Her mother rolled her eyes. ‘He’s warning us Klaus is wondering where we are.’ She shouted back, ‘There is no dessert tonight. We are washing up.’ She began to take the pots to the sink. ‘Leave the dishes to me and pack a bag.’
Elsa reluctantly nodded, then hesitated. ‘Shall I pack a bag for Grandfather?’
Her mother’s gaze dropped to the plates she was carrying. ‘He’s not coming,’ she mumbled.
Elsa frowned and walked towards her. ‘Why not?’
‘You said yourself that he can’t walk very far without the need to sit down. He would never make it even if he wanted to come.’
‘Have you told him?’
Her mother scrubbed the dishes furiously in the sink. ‘He was the one who suggested it.’
‘Then you should have told him we won’t leave him.’
‘Don’t be petulant,’ Gretchen snapped. ‘You weren’t here.’ Her body suddenly sagged against the sink and Elsa rushed to support her. ‘I’m sorry, Elsa. I shouldn’t take it out on you.’
Elsa wrapped her in her arms. ‘It’s all right. I understand.’
‘He won’t leave, you see.’ Her mother’s voice was barely a whisper.
‘He is afraid he will slow us down. He says he’ll die fighting.
The old fool thinks he can shoot them with the old rifle in the attic.
’ She eased herself away from her daughter’s embrace and sniffed loudly, dabbing her face with the edge of her apron.
‘Sorry. I’m being silly. It’s the guilt of leaving him behind.
’ She looked up, her eyes glistening. ‘I have to think of Frieda. You can take care of yourself, Elsa, but Frieda is young and like Otto — she’s a dreamer and no match for the enemy. ’
Elsa had never witnessed her mother so distressed. All her life she had been so capable and strong-minded. She was the boss of the family, even when their father had been alive. The weight of responsibility was now too much, Elsa could see.

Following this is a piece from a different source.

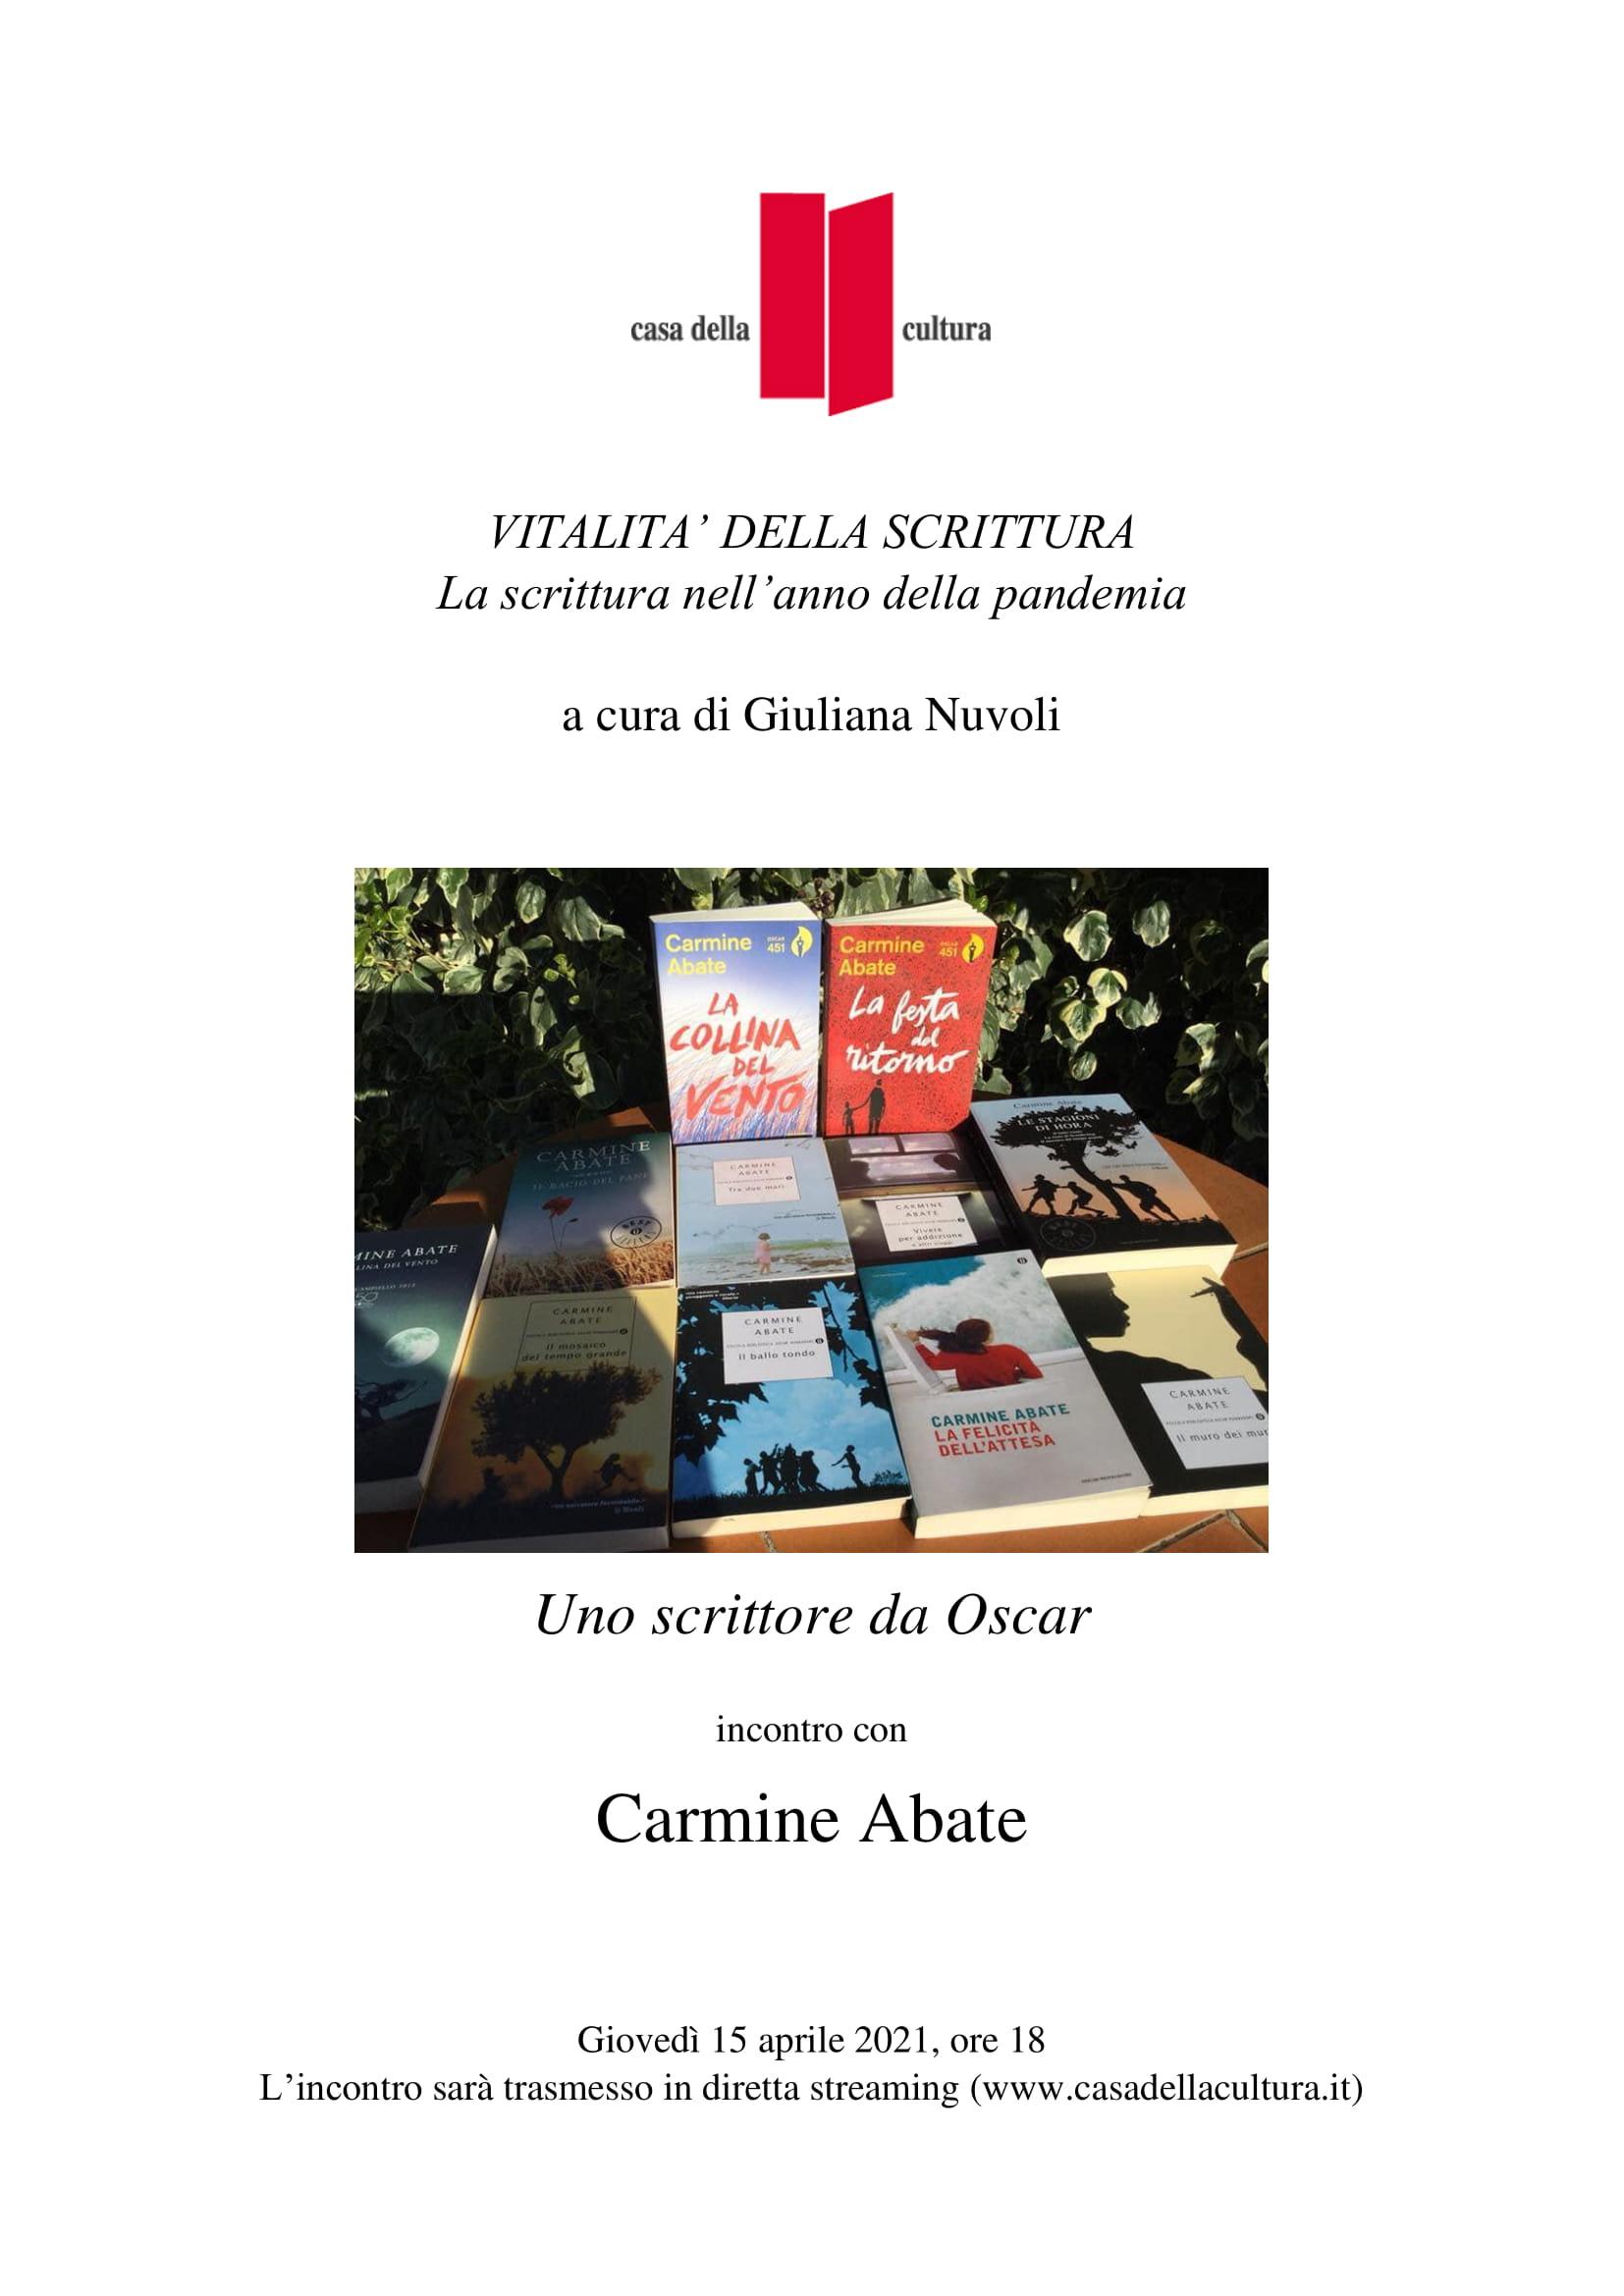 """Giuliana Nuvoli presenta Carmine Abate, """"Il ballo tondo"""", Oscar Mondadori, Casa della Cultura, 15 aprile 2021, ore 18, https://www.youtube.com/watch?v=te14Ftd5Vhc&t=1078s"""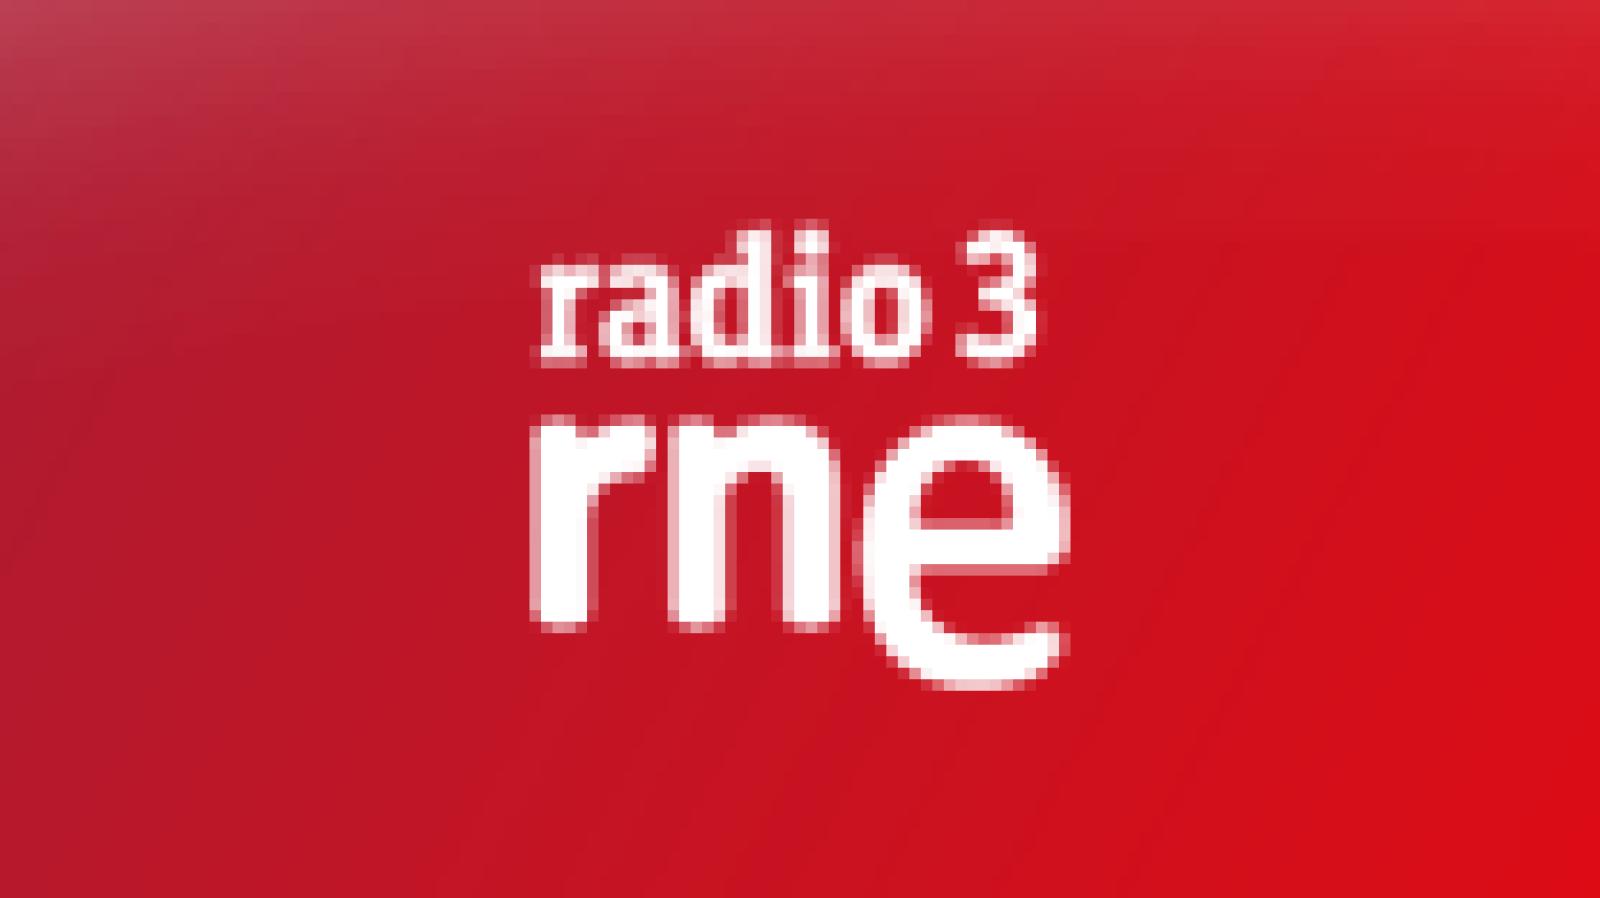 Carne cruda - La vuelta al mundo en canciones - 08/08/12 - Escuchar ahora

‘Then you must go. Don’t worry about Grandfather, I will stay to persuade him to leave too. We will follow on later.’
‘Do you think you can change his mind?’
Elsa began drying the plates stacked by the sink.
‘I think I have as good a chance as anyone else,’ she replied confidently.
‘I will persuade someone to take him in their cart.’ She met Gretchen’s doubtful gaze with her brightest smile.
Her mother reached for her hand and covered it with her own. Elsa stared at the weathered hand.
‘I love you, Elsa. Don’t wait too long. If you can’t change his mind, you must leave him. I could not bear the loss of a second child.’
‘It won’t take me long. We will follow within the week.’
Her mother smiled sadly. They both knew that her show of confidence was a lie.